LUKAS: ‘So after being expelled from Gabe’s parents’ home they continued to move from place to place, and it was a month, maybe more, before Janina was finally able to find out where the Winters sisters had gone after they’d left Exmoor. By this time she’d told Gabe all about how she’d left Sasha on the beach below the sisters’ home and had watched from a short distance as one of them had come down from the house and taken Sasha in. She truly believed the sisters would be kind to Sasha. Everything she’d read about them had told her they would be, and when nothing was reported on the news about a missing child she took heart and went to the house early one morning. She didn’t knock, she simply delivered photographs and some of Sasha’s favourite toys. It was her way of letting the sisters know that Sasha had a family who loved her but who couldn’t take care of her right now. She had no idea as she made her way back to the farm that day that Matis Albescu was already there waiting to take her away.’

Gabe started to speak, but his voice was barely audible. Cristy leaned in and gently eased the recorder closer to him.

GABE: ‘I wanted to kill him. I would have. I had a knife, but he had men with guns. They locked me up … There was nothing I could do … I heard Janina screaming for me, and I shouted for her, but then they were gone and I still couldn’t break free.’

LUKAS: ‘She’d had no time to tell him where Sasha was. She was helpless, they both were … I was the one who released Gabe from the cellar a couple of days later when I went to the farm to find out why I hadn’t seen Nina. We were frantic and powerless to act. We knew no one and nothing that could help us. At that point girls were still being brought to the farm, but the men who escorted them only laughed at us or beat us. I am sure it was one of them who tipped off the authorities and that is how I came to be deported.’

Needing to move things along, Cristy gently brought them back to when Janina and Gabe had finally found out where the Winters sisters were.

LUKAS: ‘Yes, they were in Guernsey, so Gabe and Nina went there, not to cause a scene, or to do anything to disrupt Sasha’s life, they simply wanted to find out if she really was there.’

CRISTY: ‘What age would Sasha have been by then?’

GABE: ‘She was seven and beautiful and lively, just like her mother. We watched her being taken to school and driven home again … We could see that she was happy, and healthy, but we wanted her so much. She was our daughter, she belonged to us, but we had no home; we were still running from Albescu …’

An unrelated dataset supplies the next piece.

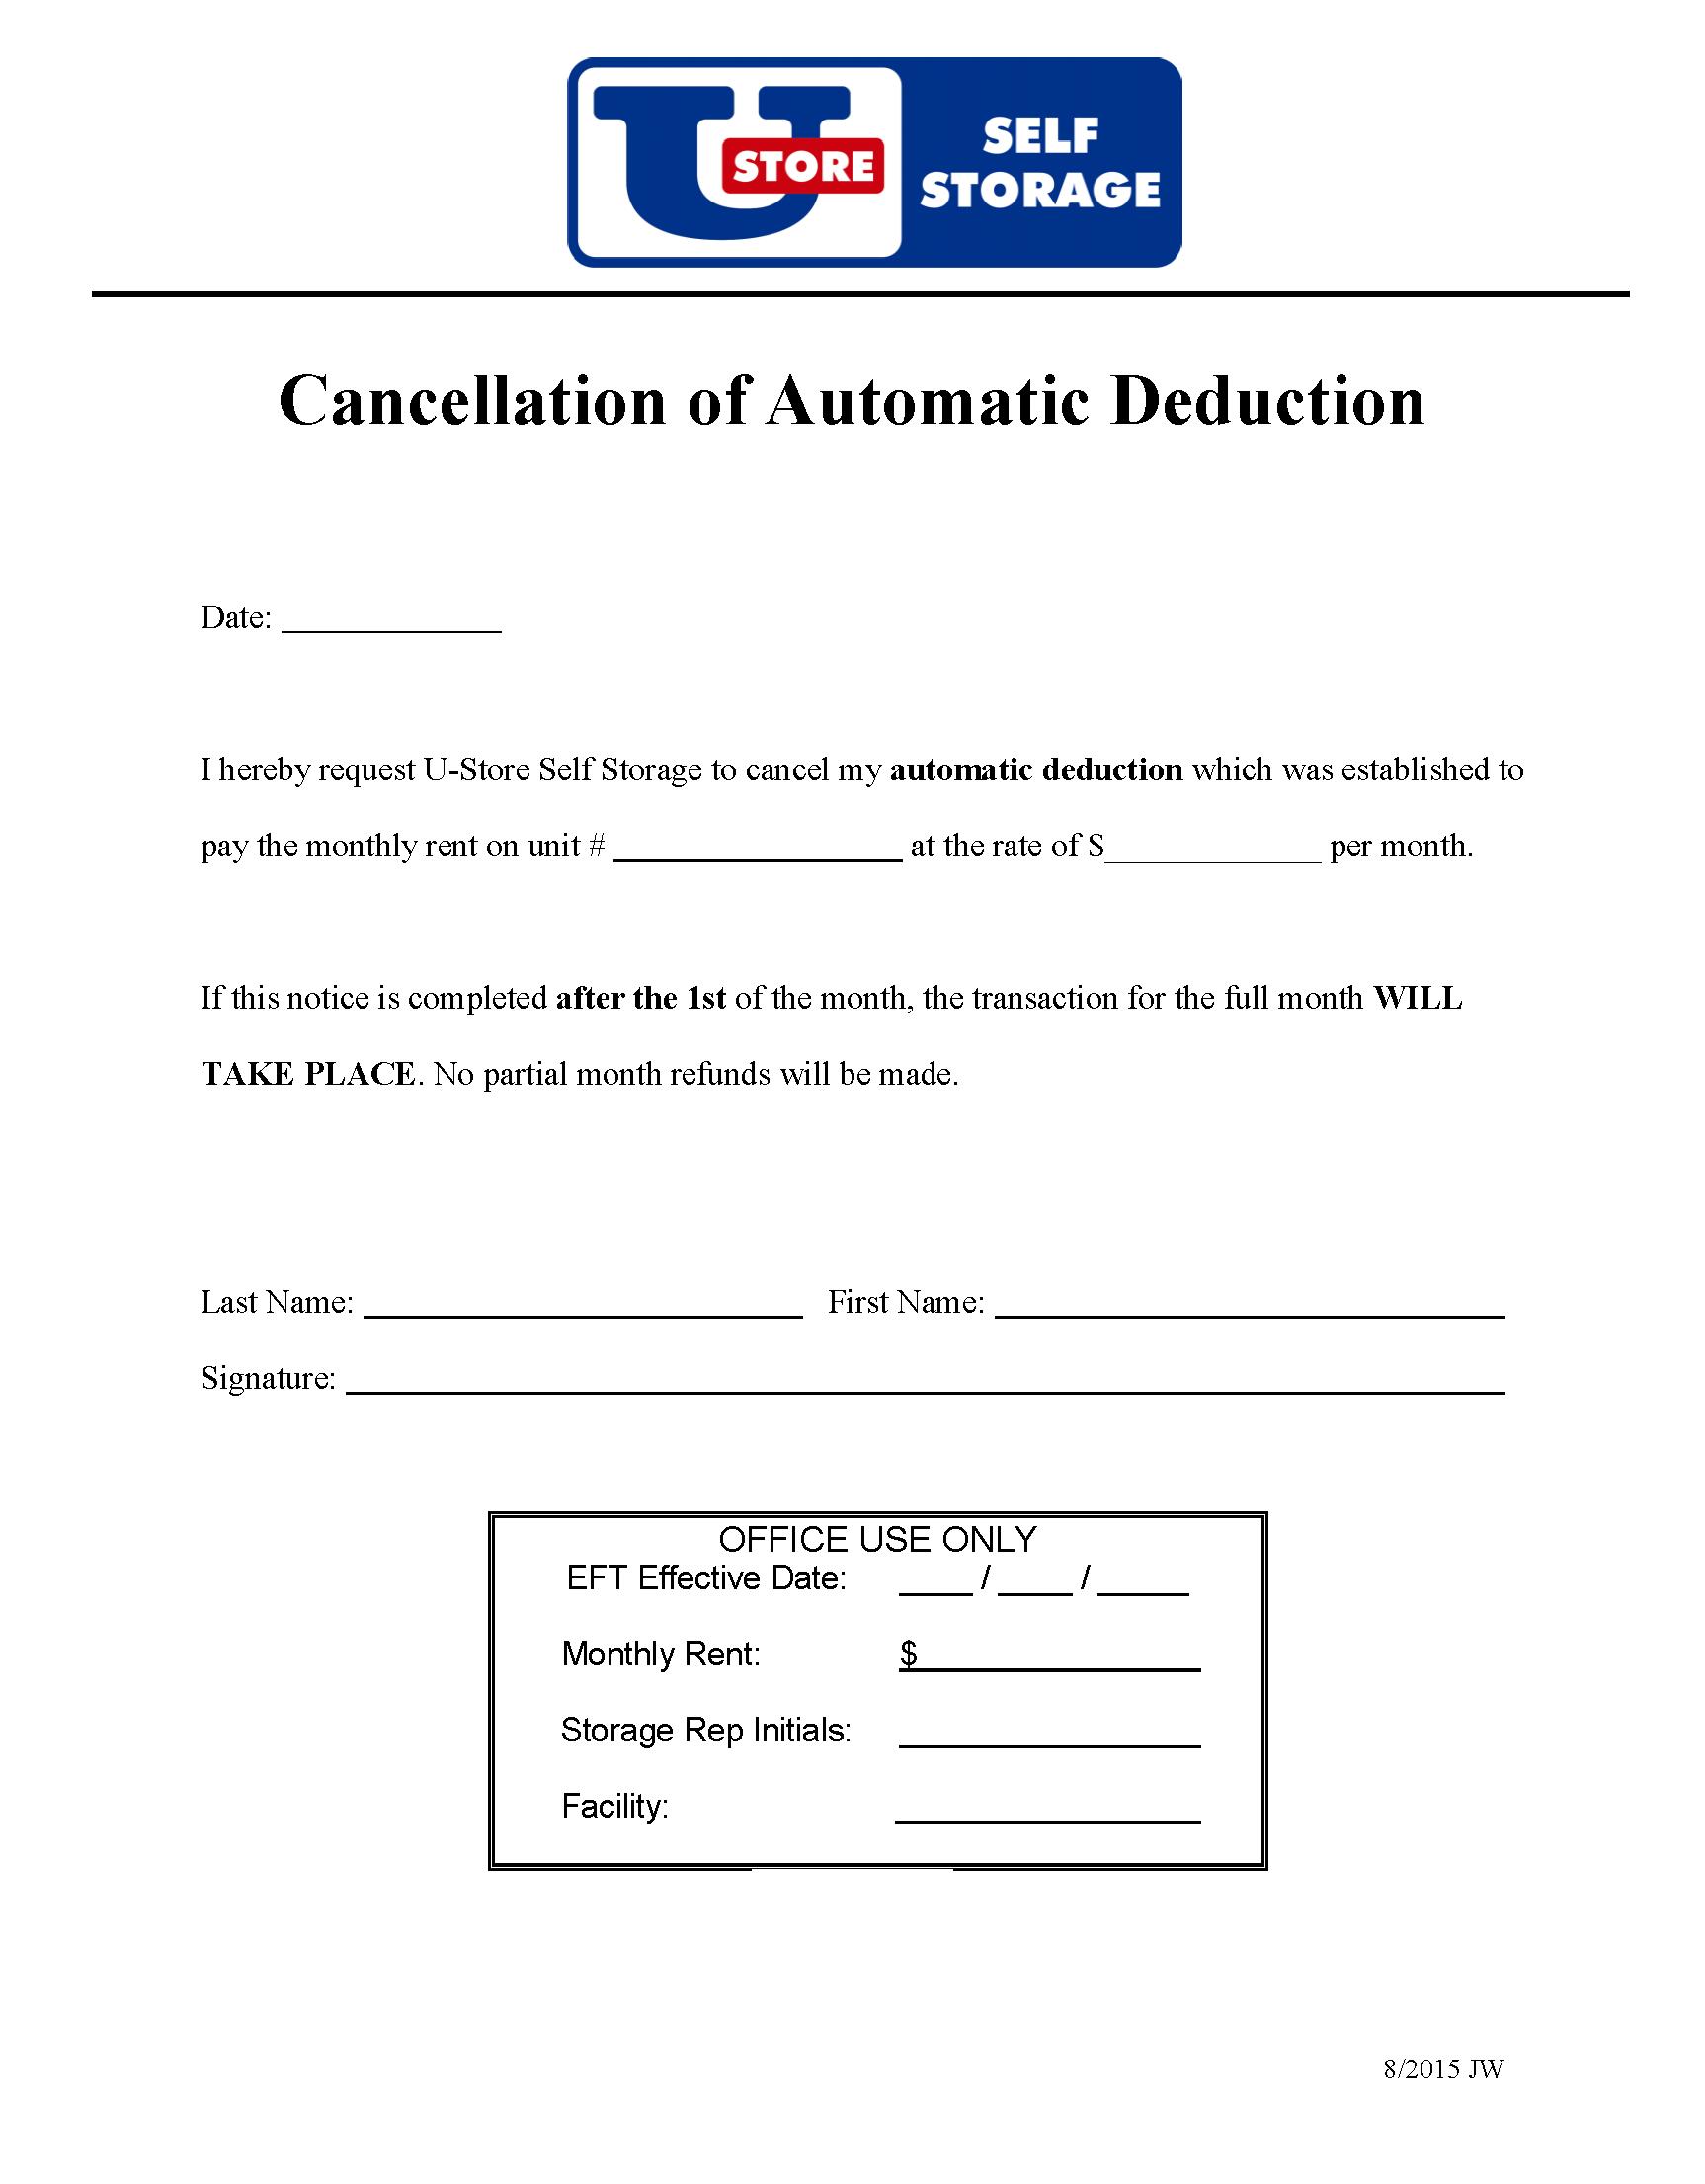 U-Store - Cancel Auto
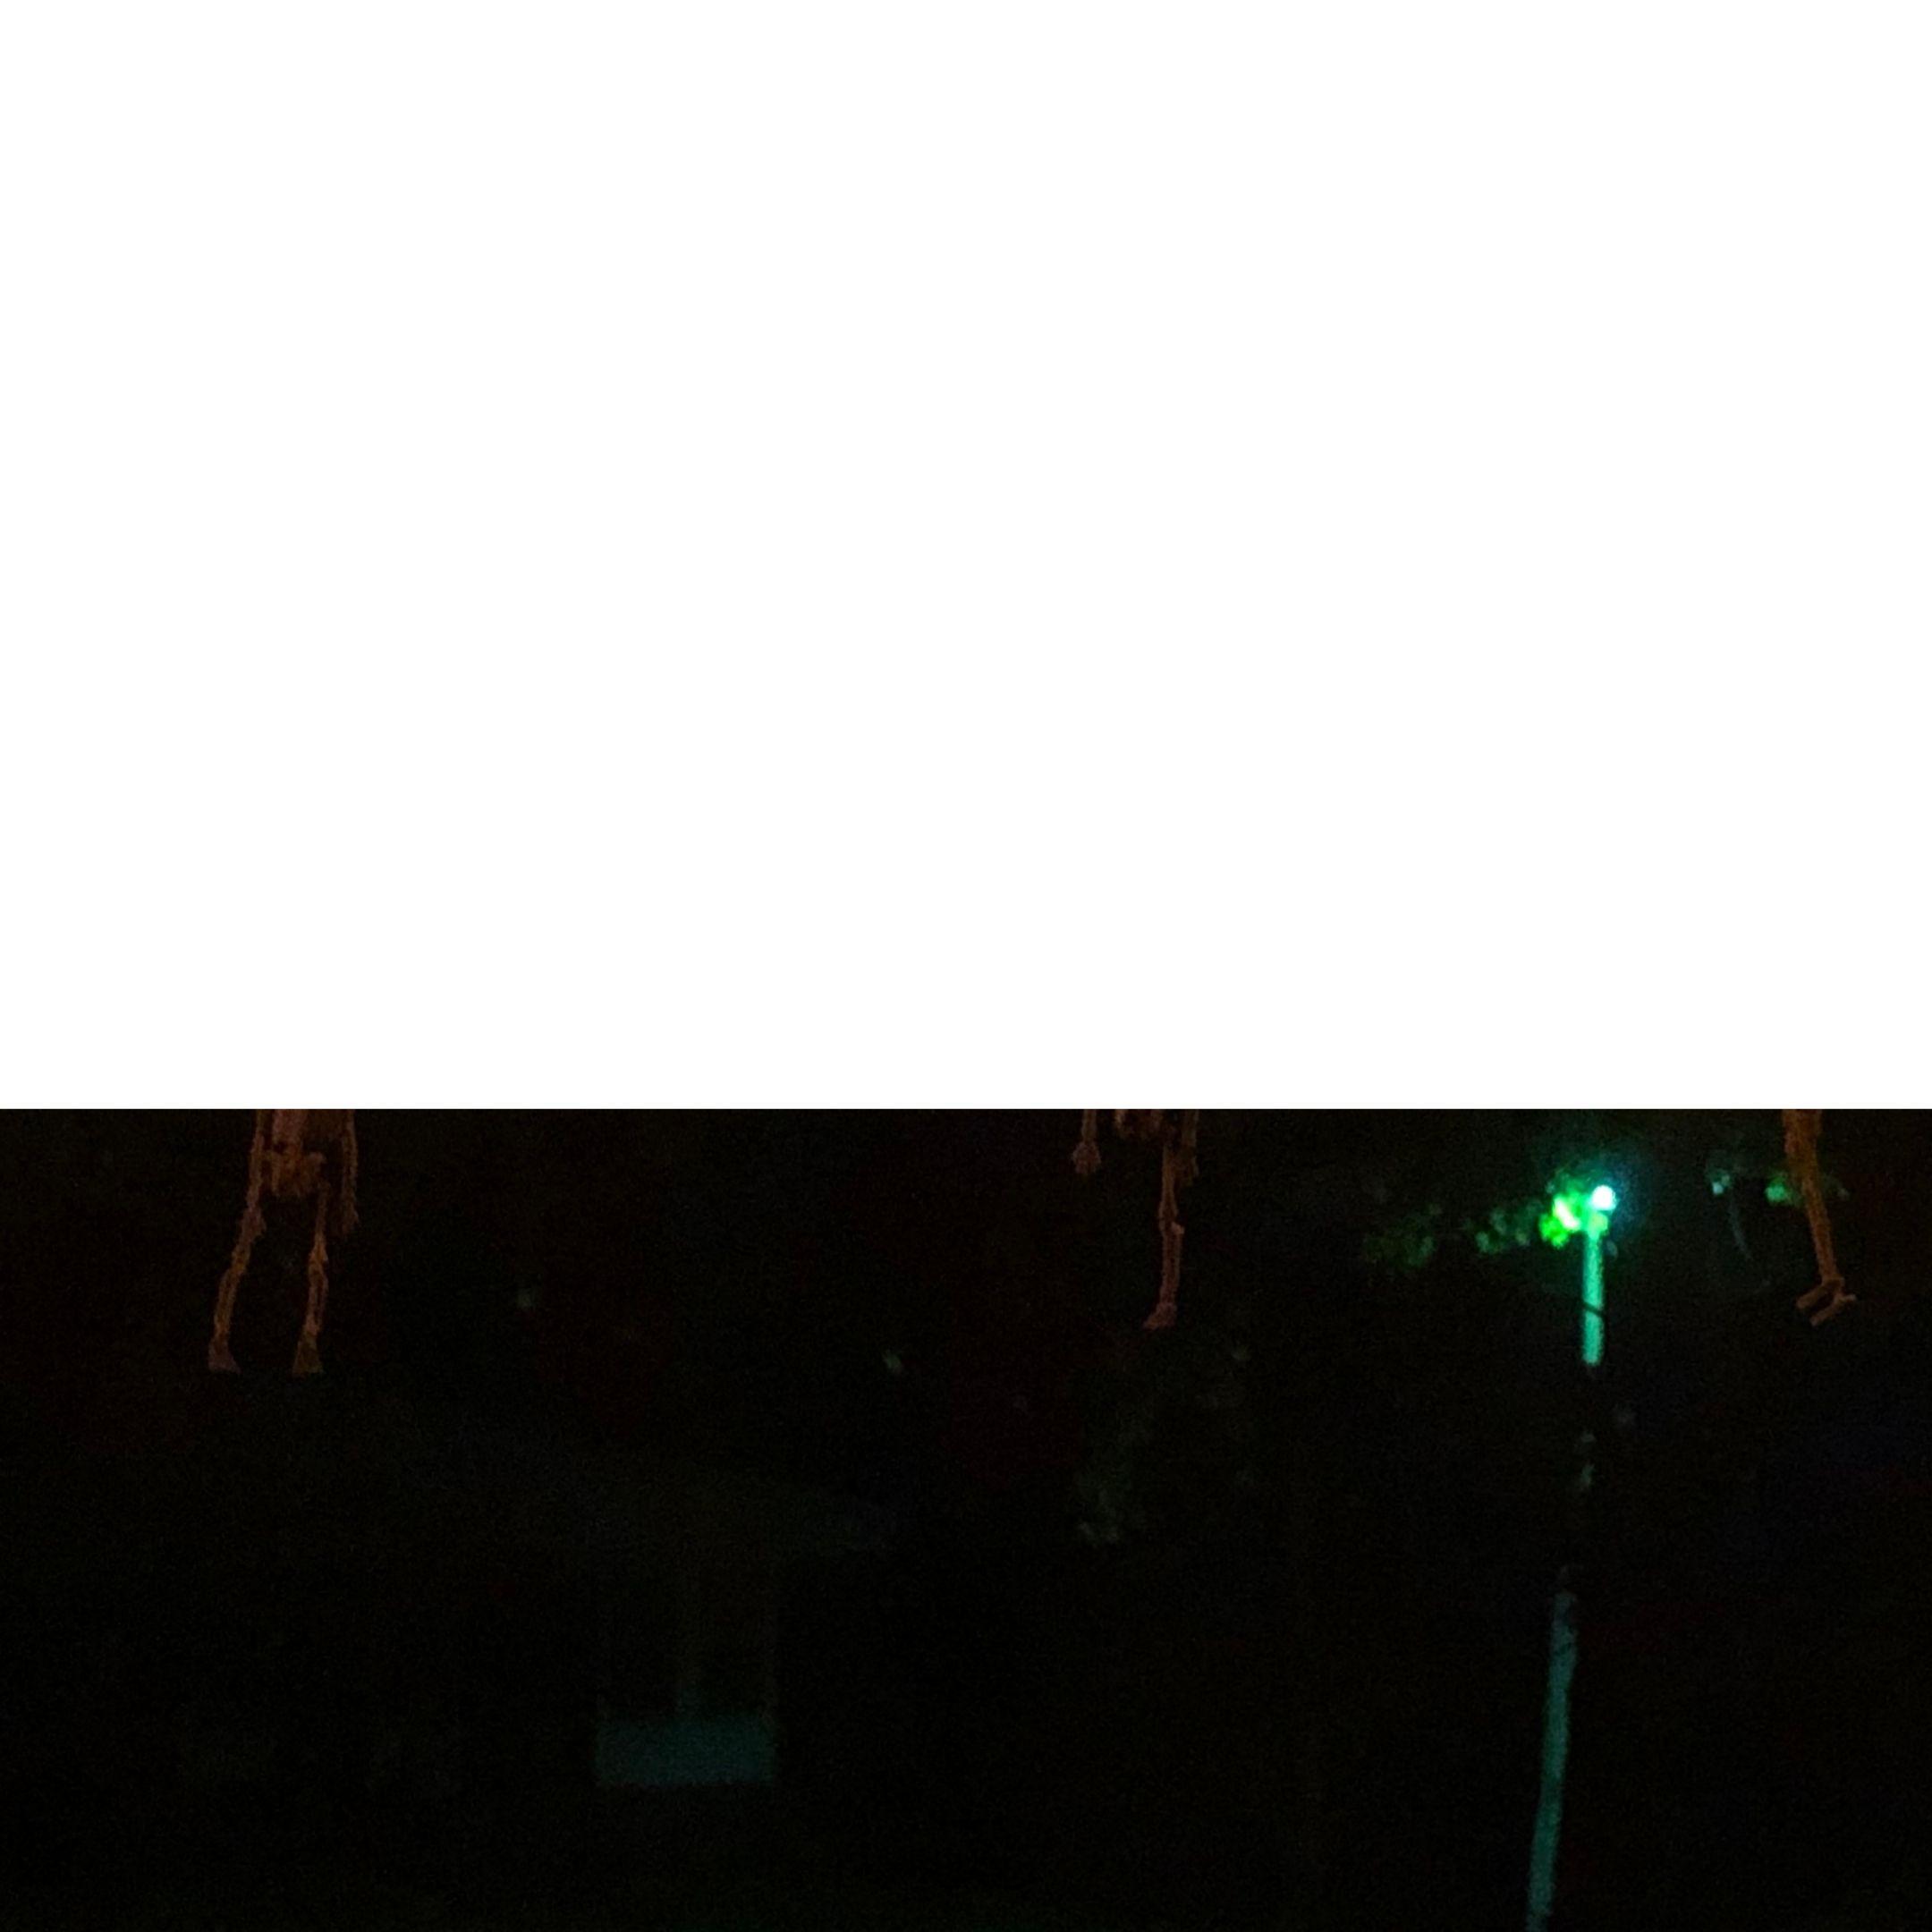 streetlight through wavy glass

LUKAS: ‘It was an impossible situation, they had very little hope, but Janina needed to let the sisters know how grateful she was that they’d taken Sasha in and treated her as their own. She was very eager to explain how desperately she and Gabe wanted to be a part of Sasha’s life, if they would allow it. So they went to the house and left a note in the mailbox addressed to Emilia and Carlotta Winters saying who they were and asking if they would meet them at a café in St Peter Port.’

So that was when the photographs had been taken, Cristyrealized, long after Sadie had gone to live with the sisters, not before. Hadn’t Anna suggested that, and Cristy had just dismissed it? In any event, it seemed that what the photographer had captured wasn’t some sort of transaction in which Sadie was being bought and sold, it was her parents begging to be allowed to see her.

LUKAS: ‘They went to the café at the same time every day for over a week until eventually one of the sisters came. She listened to their story, sympathized with them even and understood how much it would mean to them to be a part of Sasha’s world. At the same time she explained how disruptive that would be for Sasha, and confusing. They were only going to bring sadness and even danger to Sasha and she couldn’t allow that.

‘Janina begged and pleaded with her, saying Sasha didn’t have to know who they were, they’d pretend to be old friends, or new neighbours, anything if they could just have some contact with their child. She became so desperate that she threatened to go to the authorities to report the sisters for abduction. Of course she couldn’t do that, they would all suffer if she did, Sasha most of all if she was removed from the home she’d come to know and love.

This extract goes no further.